• _The problem_
Transcribe the listing below only from the line with "LARA CROFT: TOMB" up to and including the line with "Das heilige Buch".

• _Extracted entries_
##########

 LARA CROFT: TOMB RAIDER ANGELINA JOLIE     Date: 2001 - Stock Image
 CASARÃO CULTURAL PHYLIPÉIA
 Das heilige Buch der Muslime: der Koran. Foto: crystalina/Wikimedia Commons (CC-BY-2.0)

##########

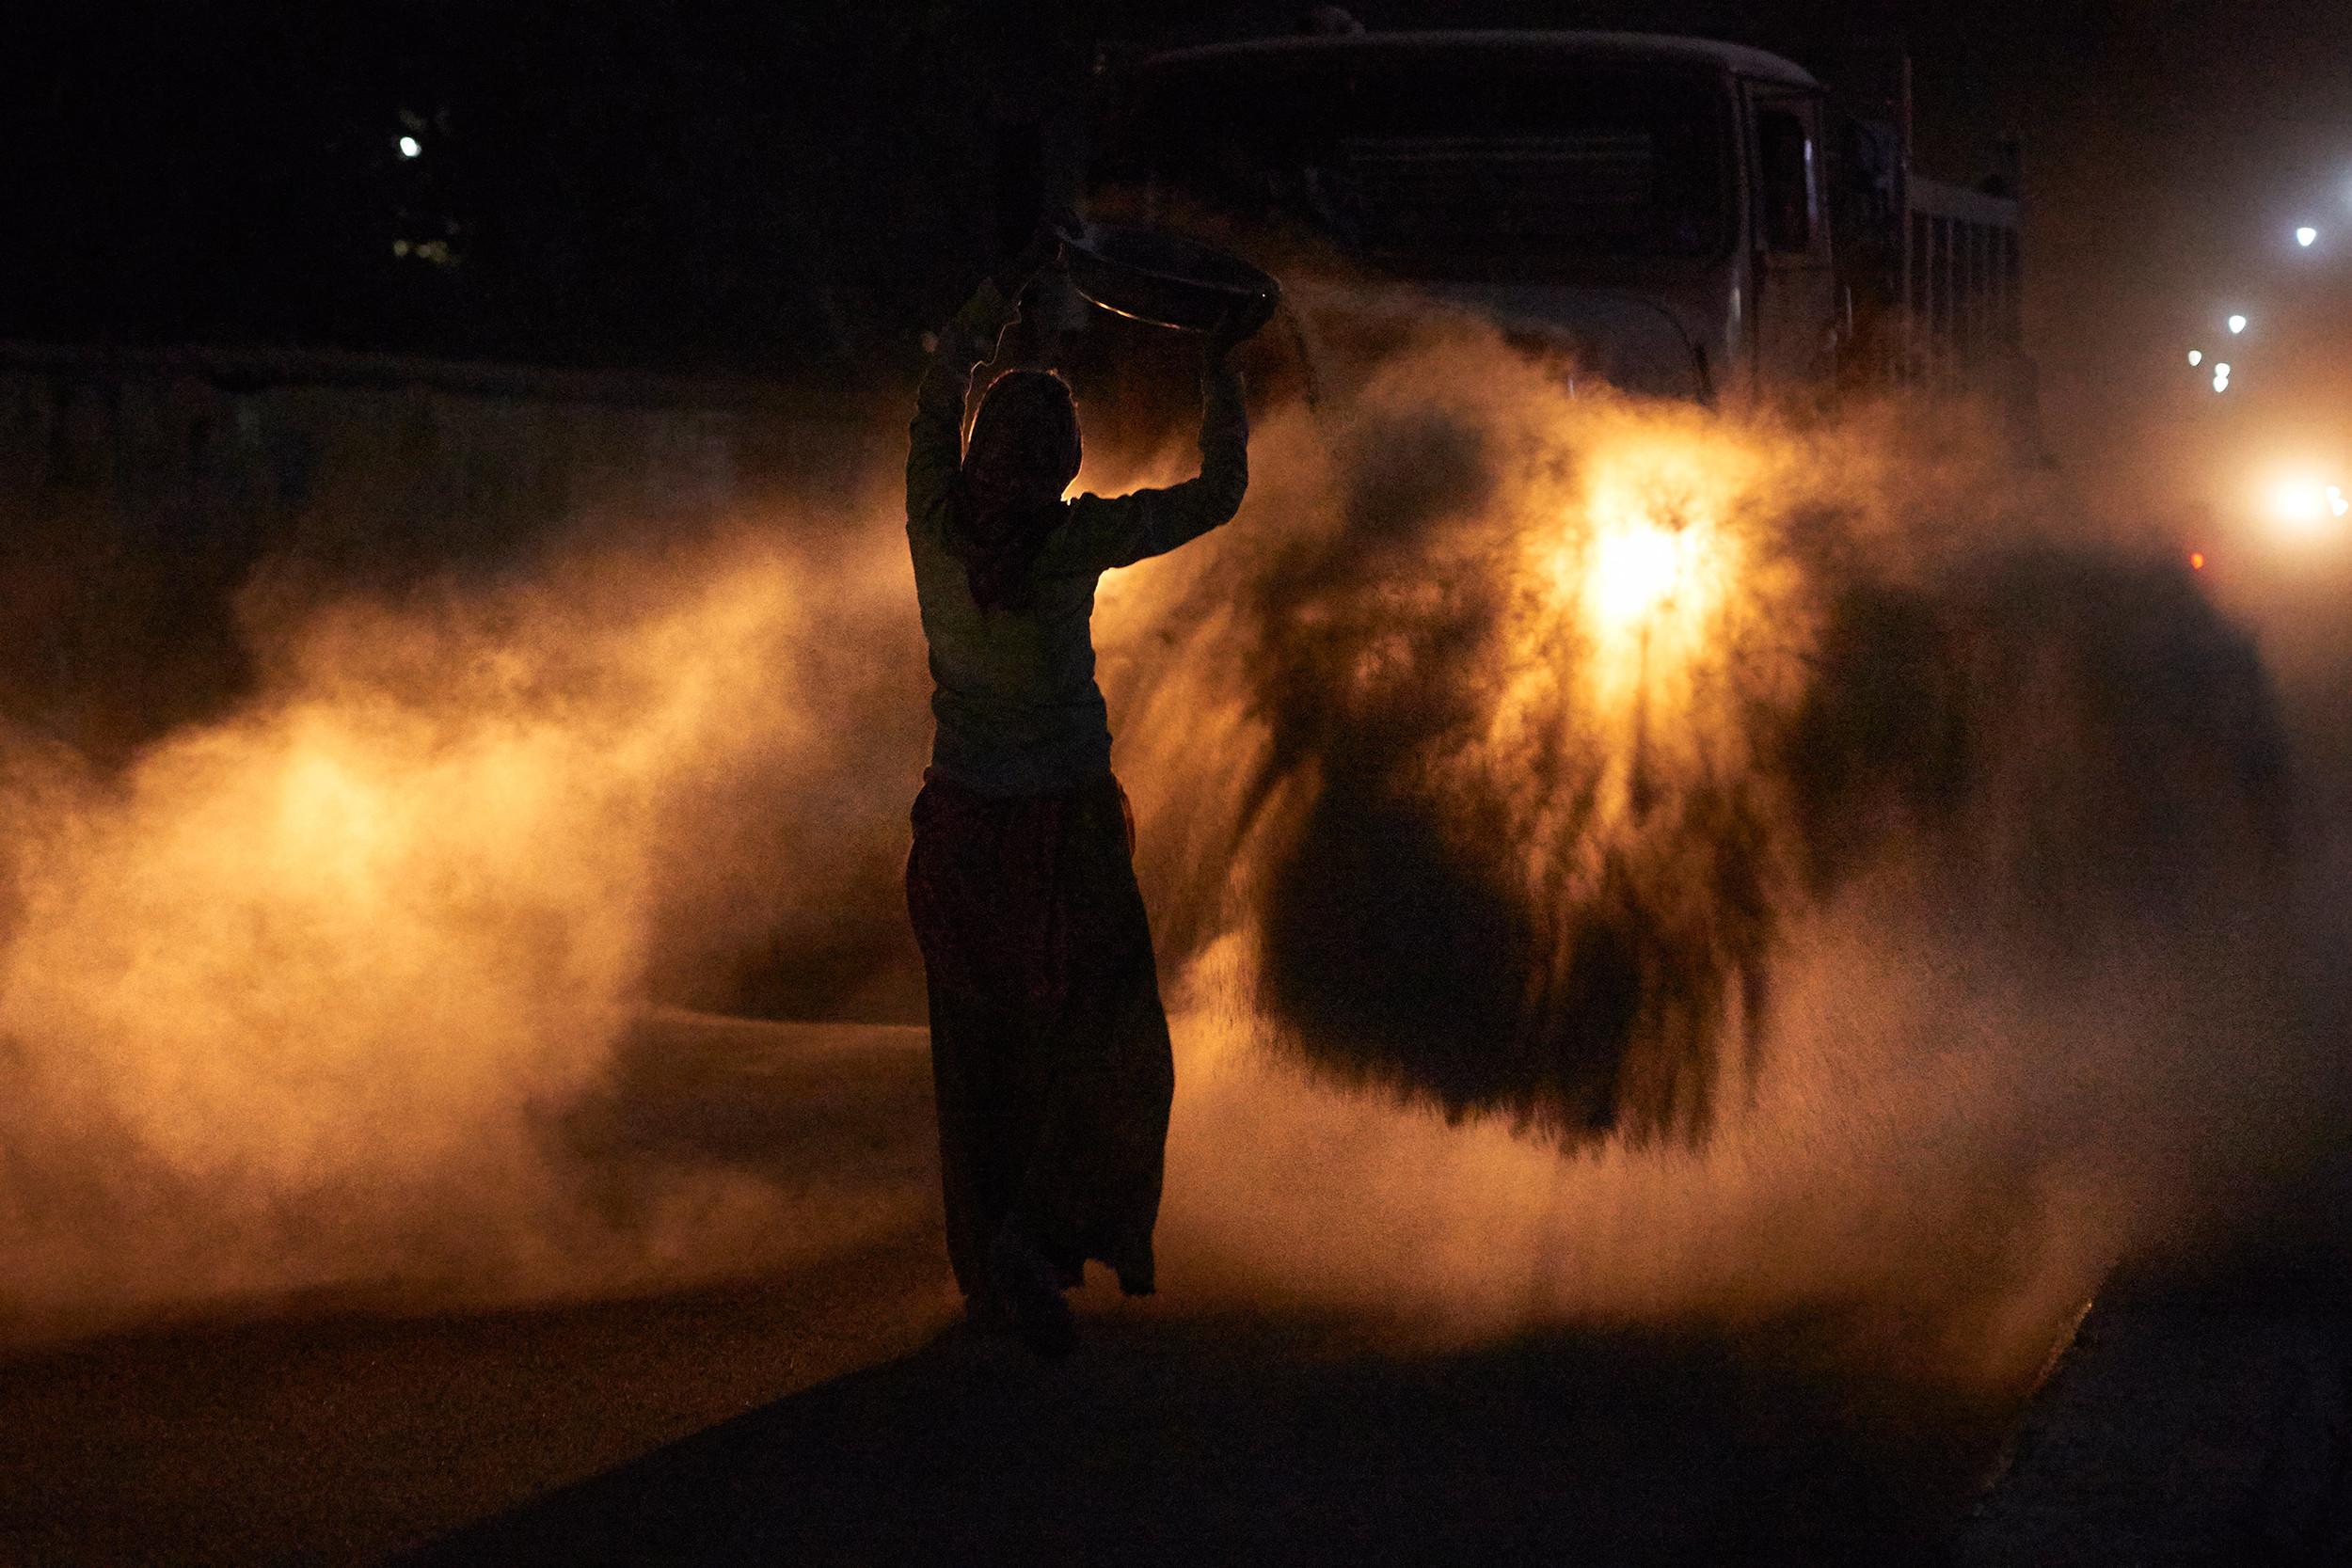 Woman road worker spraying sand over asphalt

##########

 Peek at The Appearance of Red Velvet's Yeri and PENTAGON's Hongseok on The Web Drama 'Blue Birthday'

##########

• _Worked solution_
 LARA CROFT: TOMB RAIDER ANGELINA JOLIE     Date: 2001 - Stock Image
 CASARÃO CULTURAL PHYLIPÉIA
 Das heilige Buch der Muslime: der Koran. Foto: crystalina/Wikimedia Commons (CC-BY-2.0)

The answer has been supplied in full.